Tax Incentives For Uber and Lyft to Electrify Their Services

Yes, Uber and Lyft must electrify, but on their own dime.

Uber was estimated to be valued at $120 billion in 2018. Lyft is valued at around $24 billion following its IPO. This contrasts with their drivers, who barely scrape by with below minimum wages and without employment benefits.

We need to hold Uber and Lyft accountable for increasing congestion, pollution, draining public transit ridership and providing bad jobs.

 

Sure, a tax incentive would help lower the cost of buying an electric vehicle for drivers. But at the end of the day, it’s the exploited drivers who are still burdened with the cost of electrification — while these companies pop champagne at their IPO parties. These drivers should not be held responsible for having to purchase their own electric vehicles, especially given that only four percent of Uber drivers are still driving on the platform after a year. This translates to more single-occupancy cars congesting our roads instead of fulfilling the ride-hailing companies’ empty promise of reducing vehicle ownership.

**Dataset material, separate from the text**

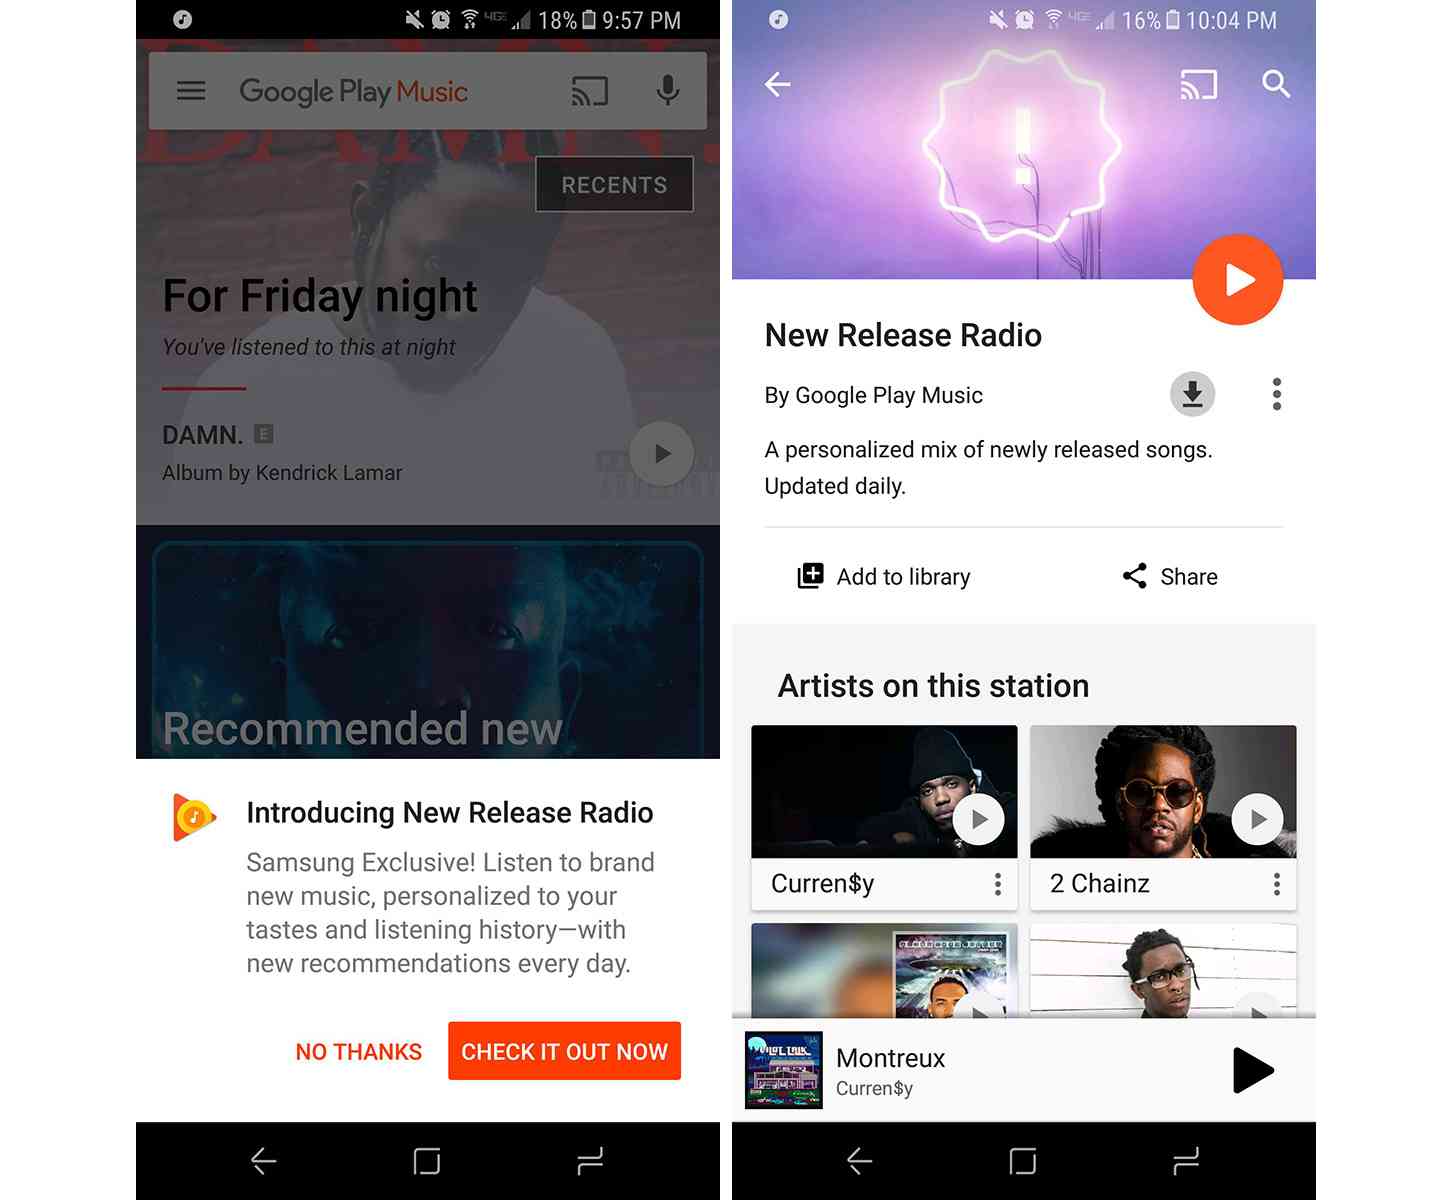 Samsung Galaxy S8 Google Play Music New Release Radio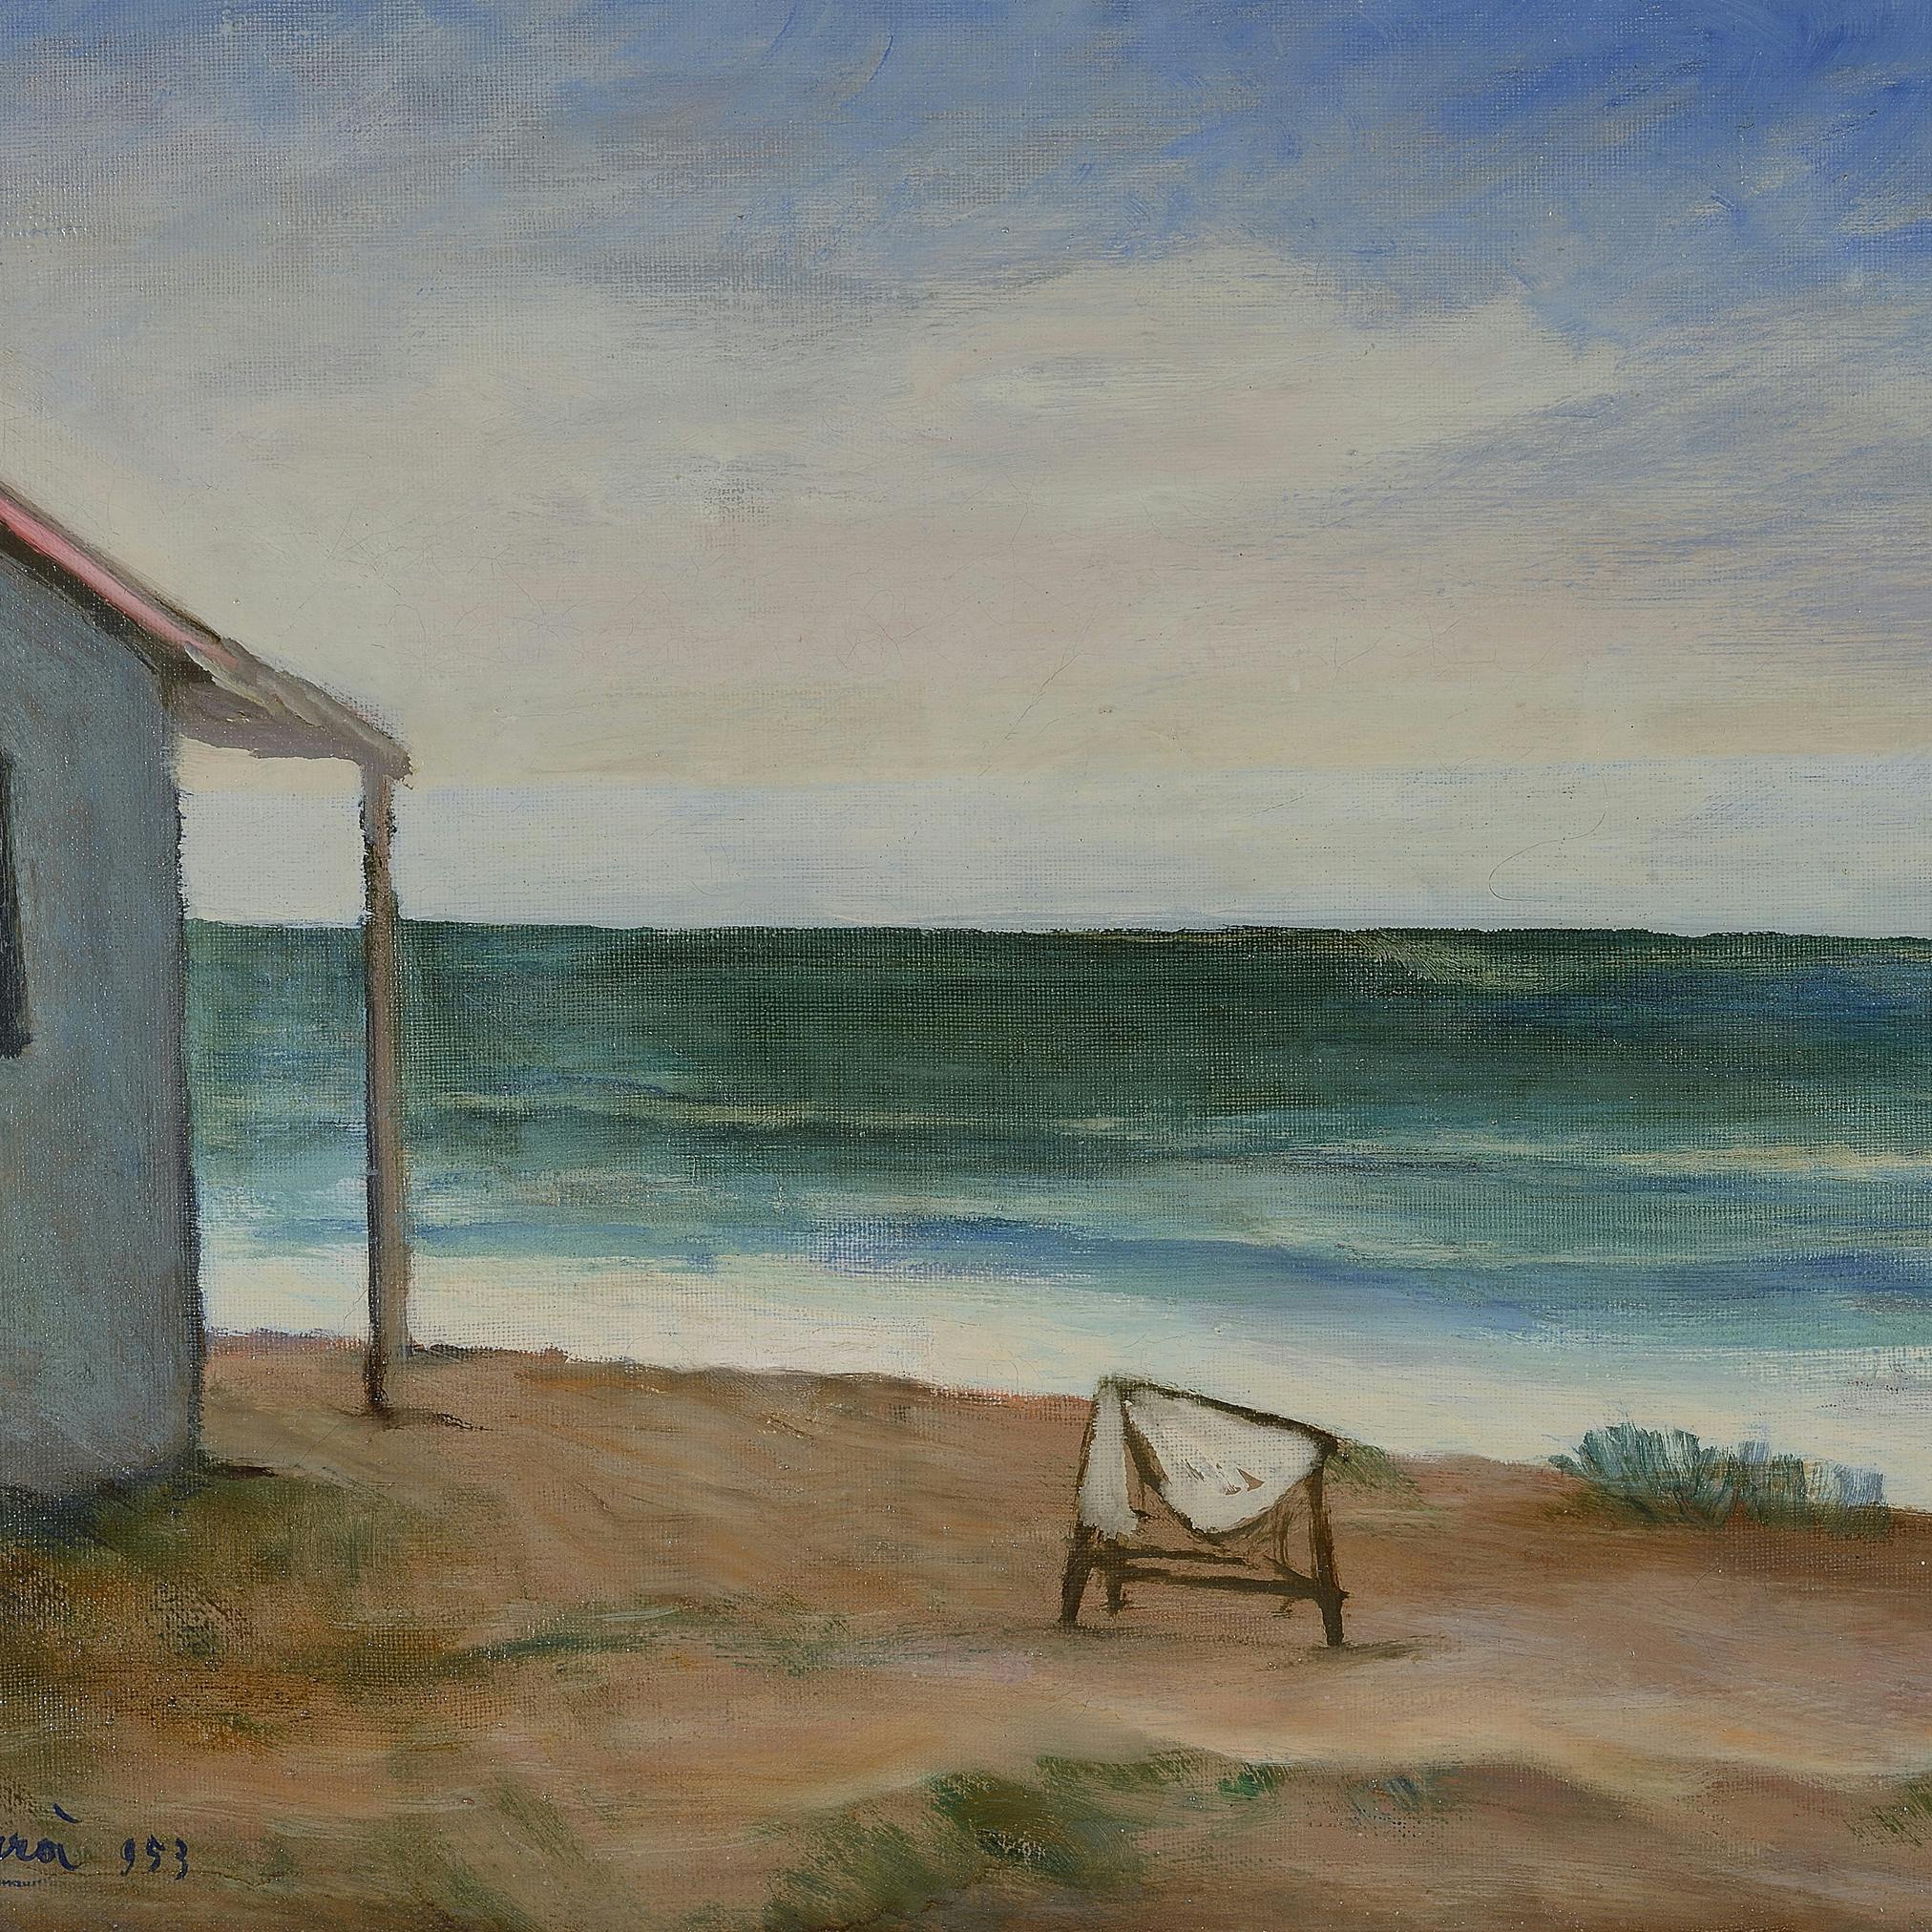 Carlo Carrà, Spiaggia, 1953

And why should drivers have to purchase their own electric vehicles while Uber and Lyft invest millions towards shifting their business models to replace drivers with self-driving fleets?

Uber and Lyft should electrify, but not on the backs of their drivers nor from the checkbooks of taxpayers. The public also should not have to foot the bill to help install charging stations exclusively designated for electric Uber and Lyft vehicles.

We need to hold Uber and Lyft accountable for increasing congestion, pollution, draining public transit ridership and providing bad jobs. They have dug themselves into this hole. They should be the ones to get themselves out of it.